Vanished Halls and Cathedrals of France

Part 6

Chapter 64,087 wordsPublic domain

Valenciennes should have been an economical town to live in, but it was not so; at least in the delightful hotel, which was so well kept and apparently so clean. The day following our arrival two charwomen started at the top of the house with buckets of water and scrubbing brushes. The buckets, by the way, were not the ordinary iron ones, but immense affairs of rough earthenware of a rich buff color outside, and a most delicious bright green enamel inside. The women scrubbed the floors from attic to back door--except the parquet floors--ignoring the corners, for cleanliness comes evidently very near to godliness in these semi-Flemish towns of Northern France; they are not very thorough.
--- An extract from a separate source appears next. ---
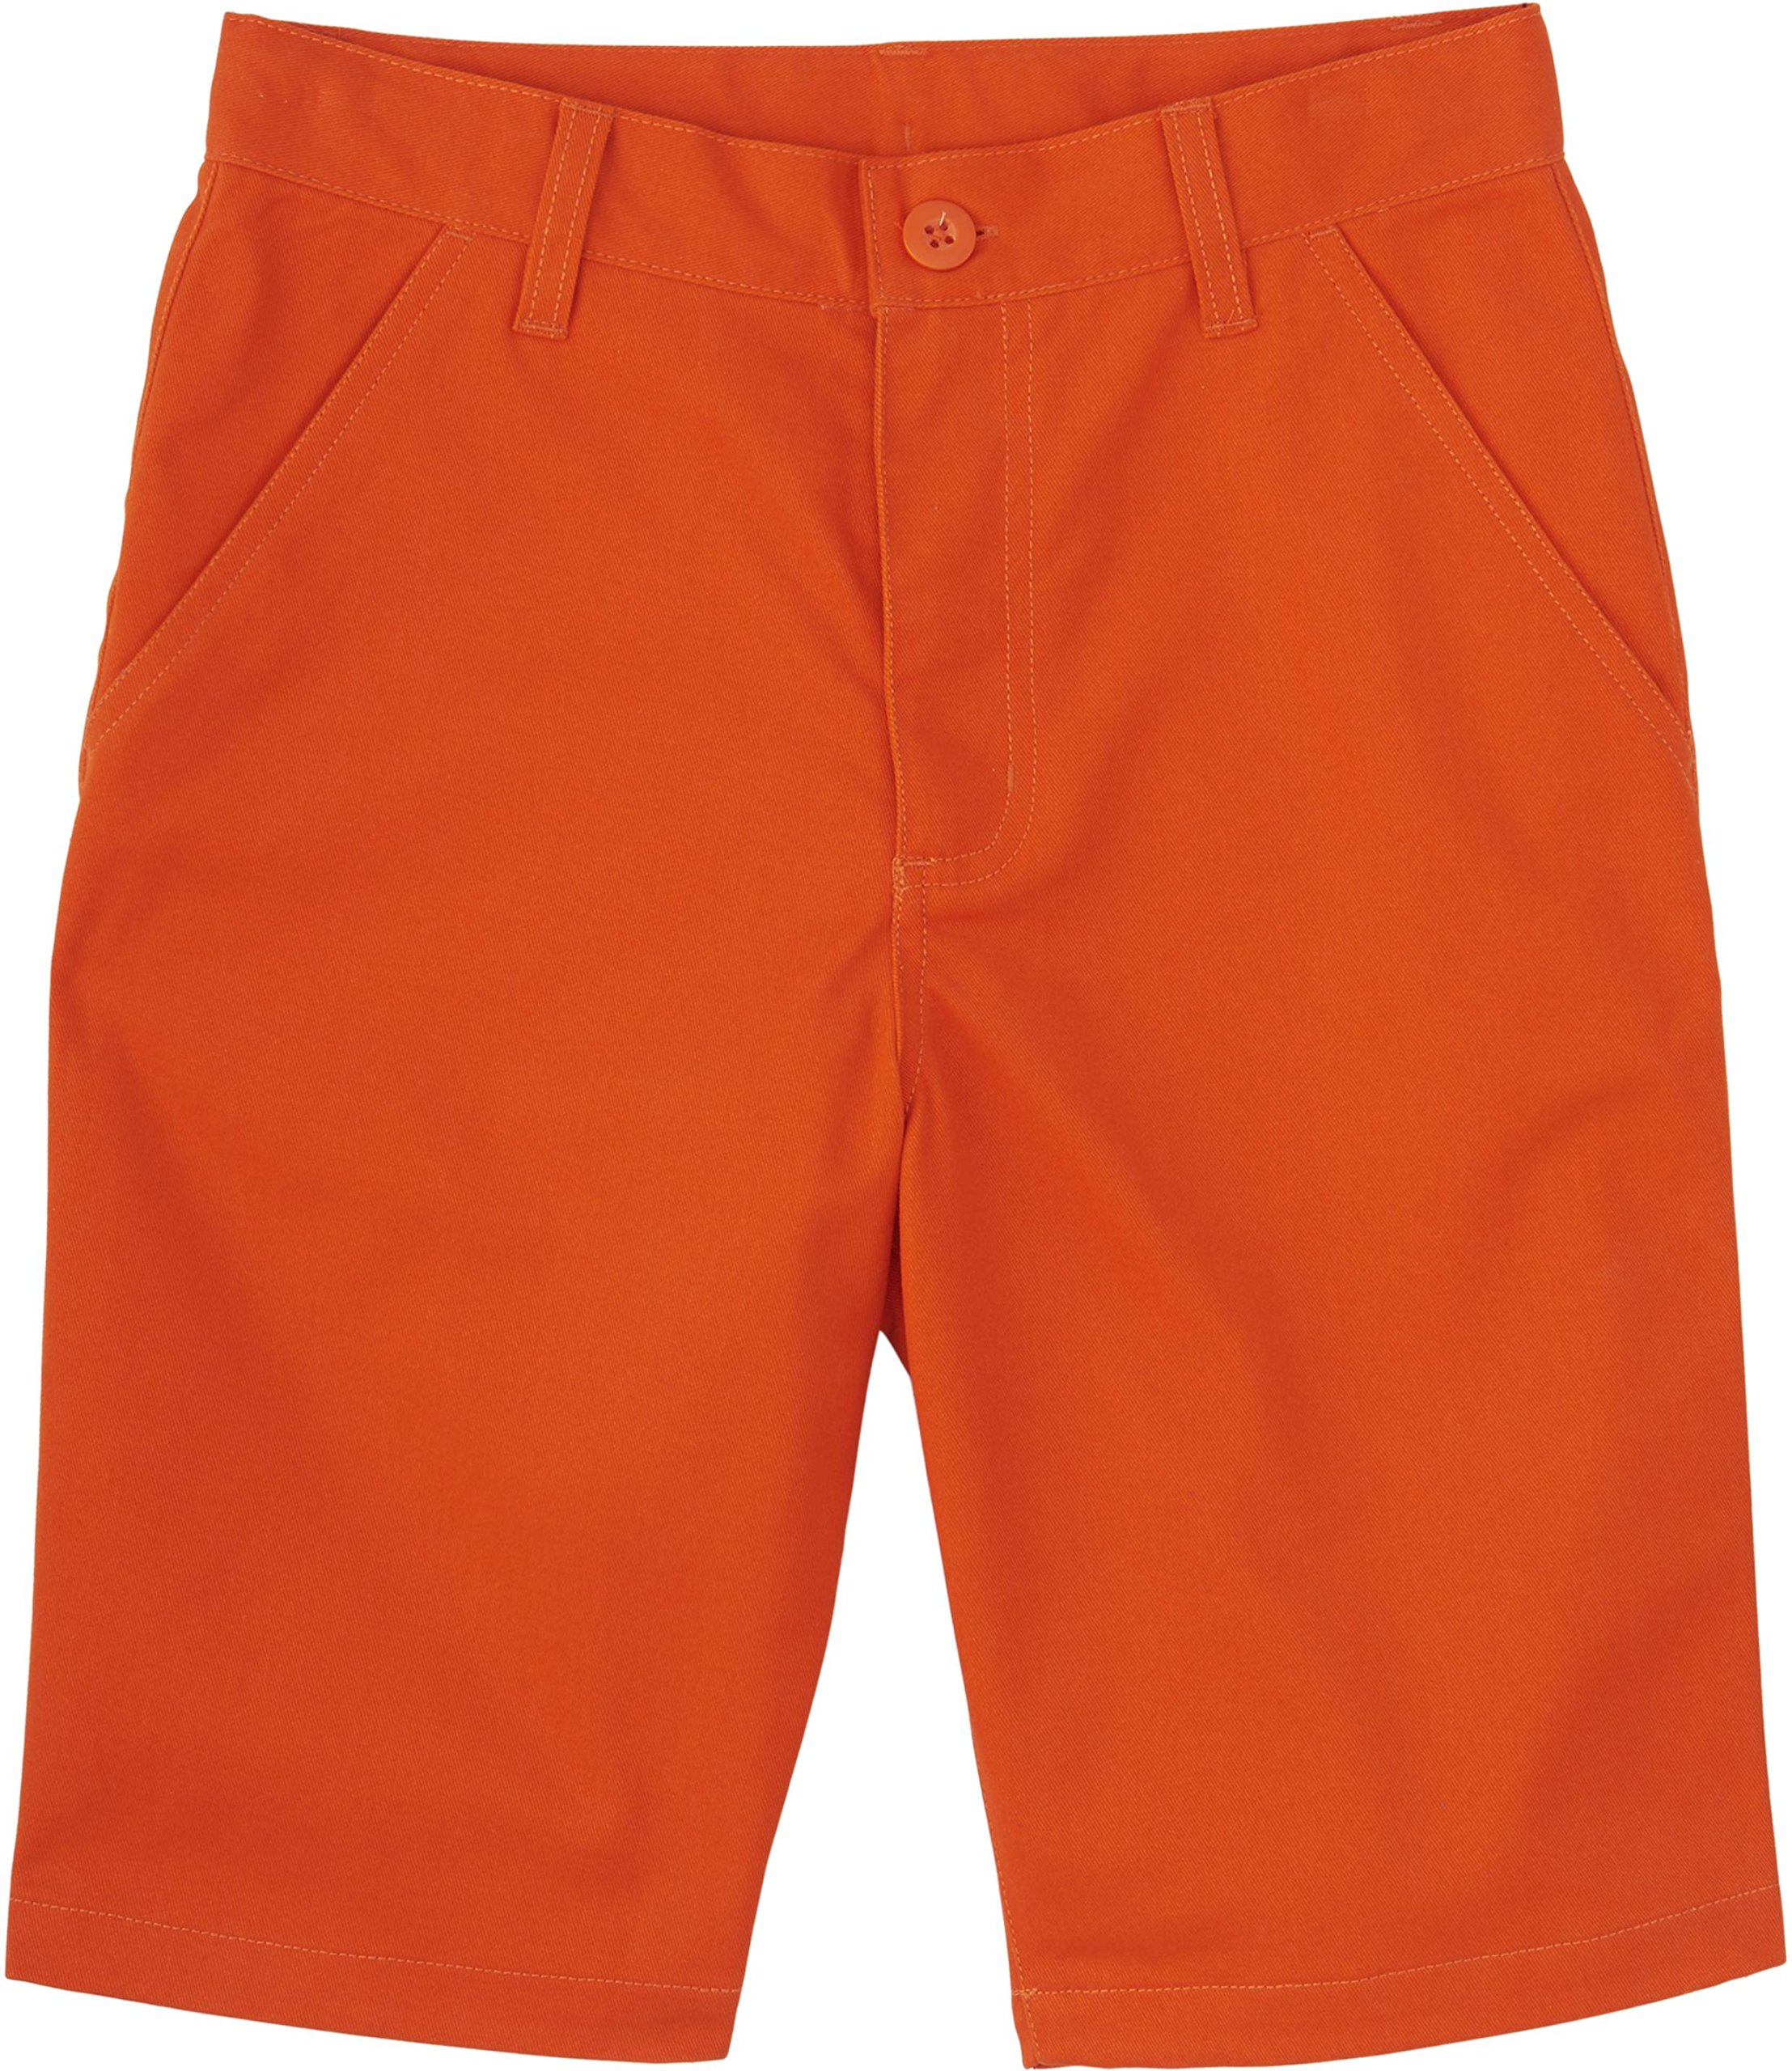 French Toast School Uniforms Boys Solid Twill Flat Front Shorts, Orange Mandarin, 5

Following these bare-armed amazons came the housemaid with a great cake of beeswax, which was fixed into a fork of wood at the end of the handle as long and thick as a broomstick. With this beeswax she rubbed the floor most energetically until the grain of the old oak floor came out clearly. Then followed the polisher with a large, thick, flat brush made in the form of a sort of sandal which was fastened to one foot by a wide strap of leather, the brushless foot was kept stationary; the other with deft slides backwards and forwards produced a most beautiful polish like varnish. There were few carpets to be found anywhere, and in the summer one did not miss them, but I should imagine that the houses would be very damp and cold in the winter, when there is little provision made for heating these old drafty rooms, and (if one might consider expense) wood for the grate fires is charged for at the rate of "F. 1.25 per basket of nine sticks." (Per published tariff.)

We were told that the proper way to study this part of the country is to take a small house for the summer. One could furnish cheaply here, it was urged, in the country style, no carpets, and with the furniture made hereabouts.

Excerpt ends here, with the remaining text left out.